◆ **Exercise instructions**
Lines from the one containing "Sheath dress with micro pattern" through the end of the data are to be returned exactly, and no others.

◆ **Available data**
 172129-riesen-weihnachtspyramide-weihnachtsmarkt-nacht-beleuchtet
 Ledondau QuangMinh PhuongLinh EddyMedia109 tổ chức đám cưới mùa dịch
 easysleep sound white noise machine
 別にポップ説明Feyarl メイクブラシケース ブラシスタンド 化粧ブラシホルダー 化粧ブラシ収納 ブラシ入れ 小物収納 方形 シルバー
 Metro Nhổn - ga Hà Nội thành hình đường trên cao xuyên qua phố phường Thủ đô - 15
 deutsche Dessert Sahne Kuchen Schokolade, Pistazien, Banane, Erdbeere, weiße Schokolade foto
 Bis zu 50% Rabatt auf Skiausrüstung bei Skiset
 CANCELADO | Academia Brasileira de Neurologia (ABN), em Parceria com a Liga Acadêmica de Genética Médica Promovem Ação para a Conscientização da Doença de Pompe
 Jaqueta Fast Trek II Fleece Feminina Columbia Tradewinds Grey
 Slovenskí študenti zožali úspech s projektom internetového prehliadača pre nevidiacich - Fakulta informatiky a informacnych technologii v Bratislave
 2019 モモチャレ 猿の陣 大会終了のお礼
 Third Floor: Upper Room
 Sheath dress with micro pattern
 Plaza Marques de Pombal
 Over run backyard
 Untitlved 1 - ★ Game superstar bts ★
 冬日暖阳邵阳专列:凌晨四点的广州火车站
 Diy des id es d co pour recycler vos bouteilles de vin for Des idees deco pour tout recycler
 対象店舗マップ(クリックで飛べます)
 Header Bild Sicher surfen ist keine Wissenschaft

◆ **Solution**
 Sheath dress with micro pattern
 Plaza Marques de Pombal
 Over run backyard
 Untitlved 1 - ★ Game superstar bts ★
 冬日暖阳邵阳专列:凌晨四点的广州火车站
 Diy des id es d co pour recycler vos bouteilles de vin for Des idees deco pour tout recycler
 対象店舗マップ(クリックで飛べます)
 Header Bild Sicher surfen ist keine Wissenschaft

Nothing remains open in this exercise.